A new cultural icon joins the island of Berlin's museums. The James Simon Gallerie fastens with its straight lines and its air of sobriety the complex of five centenary buildings, declared a World Heritage Site. It also serves as an entrance from the south to a concentration of artistic and archaeological treasures, which is one of the great claims of the city. With his presentation to the press yesterday, the British architect David Chipperfield, which Berliners know well for their work in the Neues Museum (1997-2009), famous for serving as home to Nefertiti, continues with a link with the Museum Island that dates back to 1997.
The new temple of concrete and glass, baptized in honor of James Simon, important patron who enriched its museums by donation, has 4,600 square meters and cost 134 million euros. The result achieves a common effect in Chipperfield: it contrasts with the five old buildings on the island, yes, but it manages to do it in a paradoxically harmonious way.
The idea of a space in which to concentrate all these artistic treasures is due to the Prussian King Frederick William IV, who described his vision as a "cultural acropolis", a sacred sanctuary for the arts and sciences, designed to consolidate the capital as the headquarters of the "largest universal museum on the planet".
The British architect and the director of the founding of the Prussian Cultural Heritage, Hermann Parzinger, yesterday took a step further in fulfilling that dream with the opening of the James Simon, which officially opens today Chancellor Angela Merkel. "It is the new cultural symbol of Berlin in the 21st century," Parzinger told EL PAÍS. "The construction of Chipperfield is the architectural antithesis of the five museums on the island." The architect, more humble, was satisfied with having achieved that the gallery solve logistical problems and infrastructures of the whole. "At the same time, it materializes a unique architectural vision for the island," he said in a conversation with a group of journalists.

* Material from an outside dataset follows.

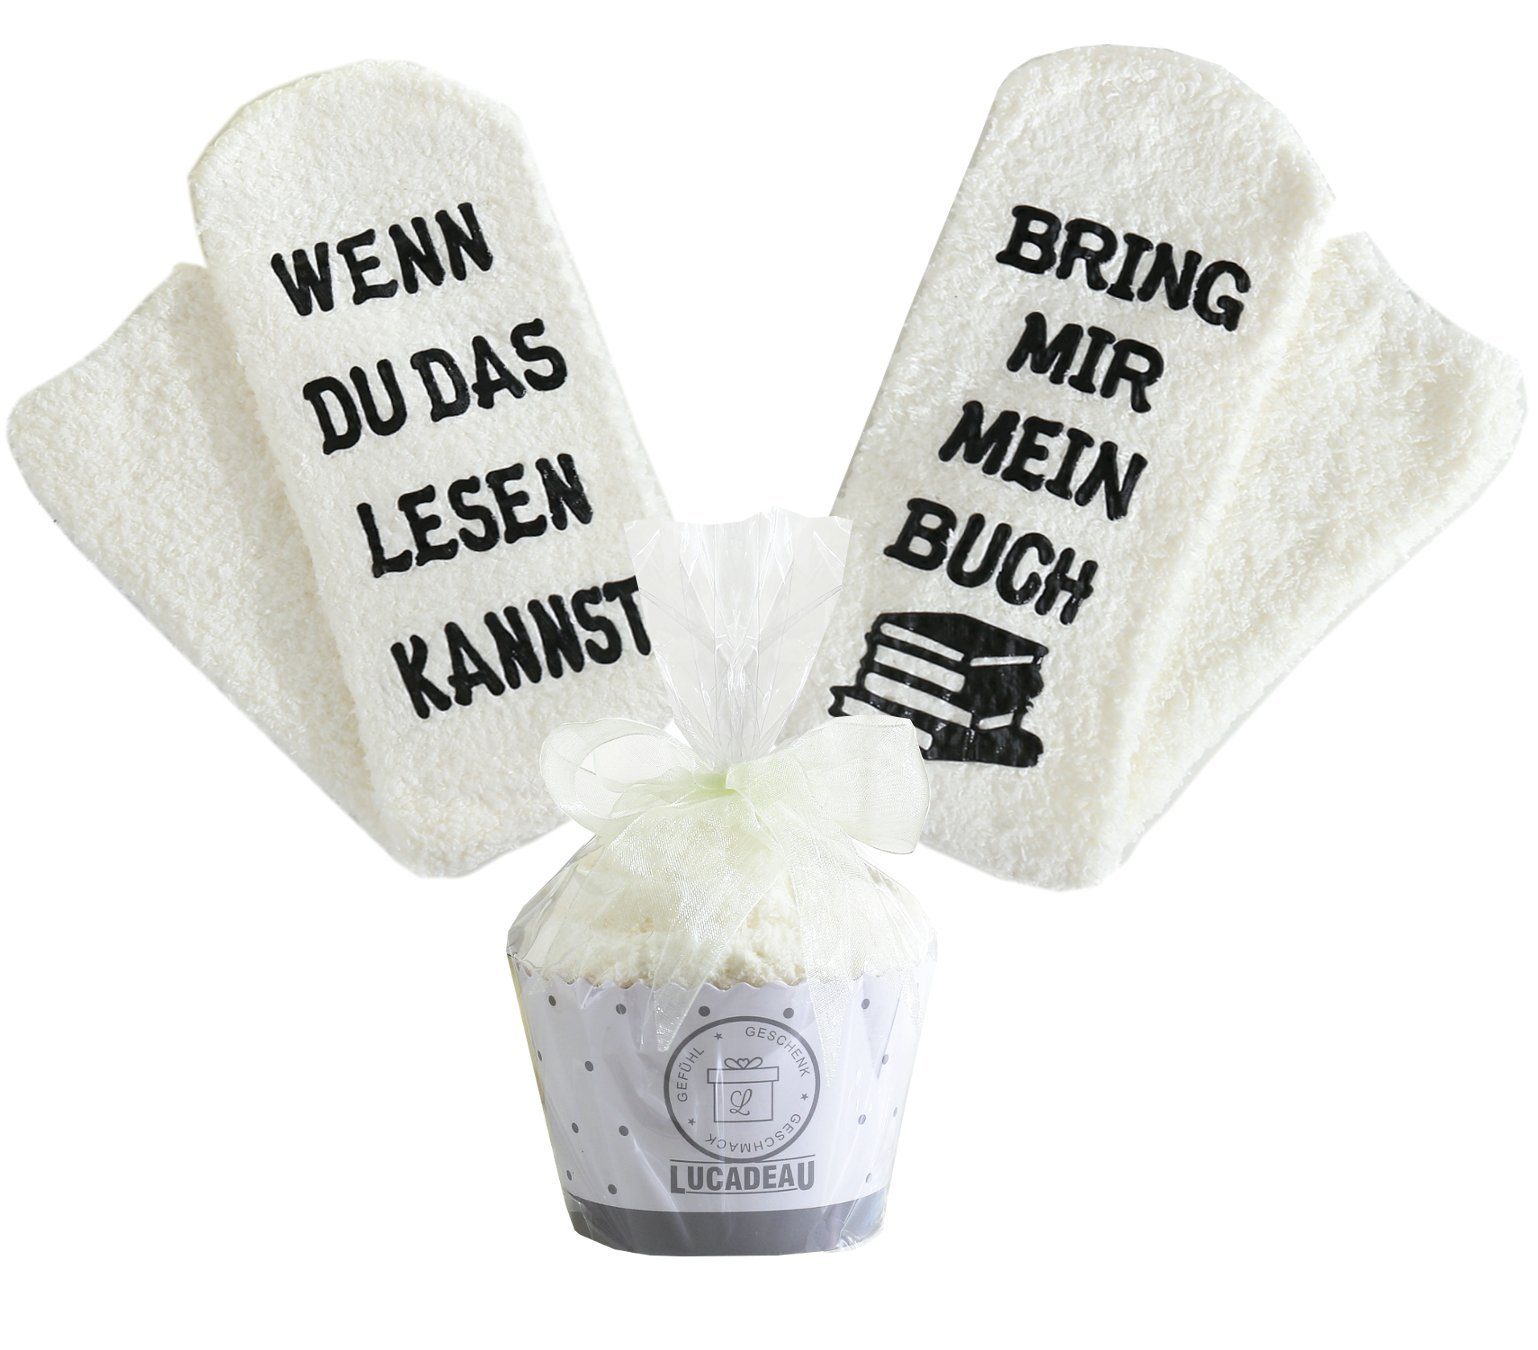 Lucadeau Kuschelsocken Geschenke für Frauen, Wenn du das lesen kannst, bring mir Buch, (Cupcake Verpackung, Gr. 37-43) rutschfest, Socken mit Spruch, Geschenk zum Ostern

The doors will open to the public on Saturday. A monumental staircase will lead to the entrance, from which it will be possible to access an auditorium with capacity for 700 people, visit a cafe overlooking the River Spree and move through various levels with access to a temporary exhibition hall (which inaugurates a shows multimedia to the patron who gives it its name) and the Pergamon museum. In the underground, the Chipperfield project has installed an "archaeological passageway" that will allow direct access to three other museums: the Neues Museum, the Bode Museum and the Altes Museum. It is scheduled to be alive by the end of 2030.
The opening of the James Simon ends a long and controversial story. When Chipperfield announced its first sketches, more than 10 years ago, the press described the project as the "most expensive wardrobe in the world".
The concrete columns surrounding the building, in addition to offering a beautiful architectural show, also incited a poisonous comparison with the work of Albert Speer, Hitler's favorite architect. Chipperfield ignored those criticisms.
"This building is also a tribute to one of the most important patrons of the Berlin museums and, through him, to all Jewish patrons without whom these collections would not have been possible," explained Michael Eissenhauer, director of the State Museums of Berlin Simon financed several archaeological excavations in the Middle East from 1911, in which the bust of Nefertiti was found, which today is one of the best known pieces of the island and is located. "It's a way of doing something against oblivion," Eissenhauer added.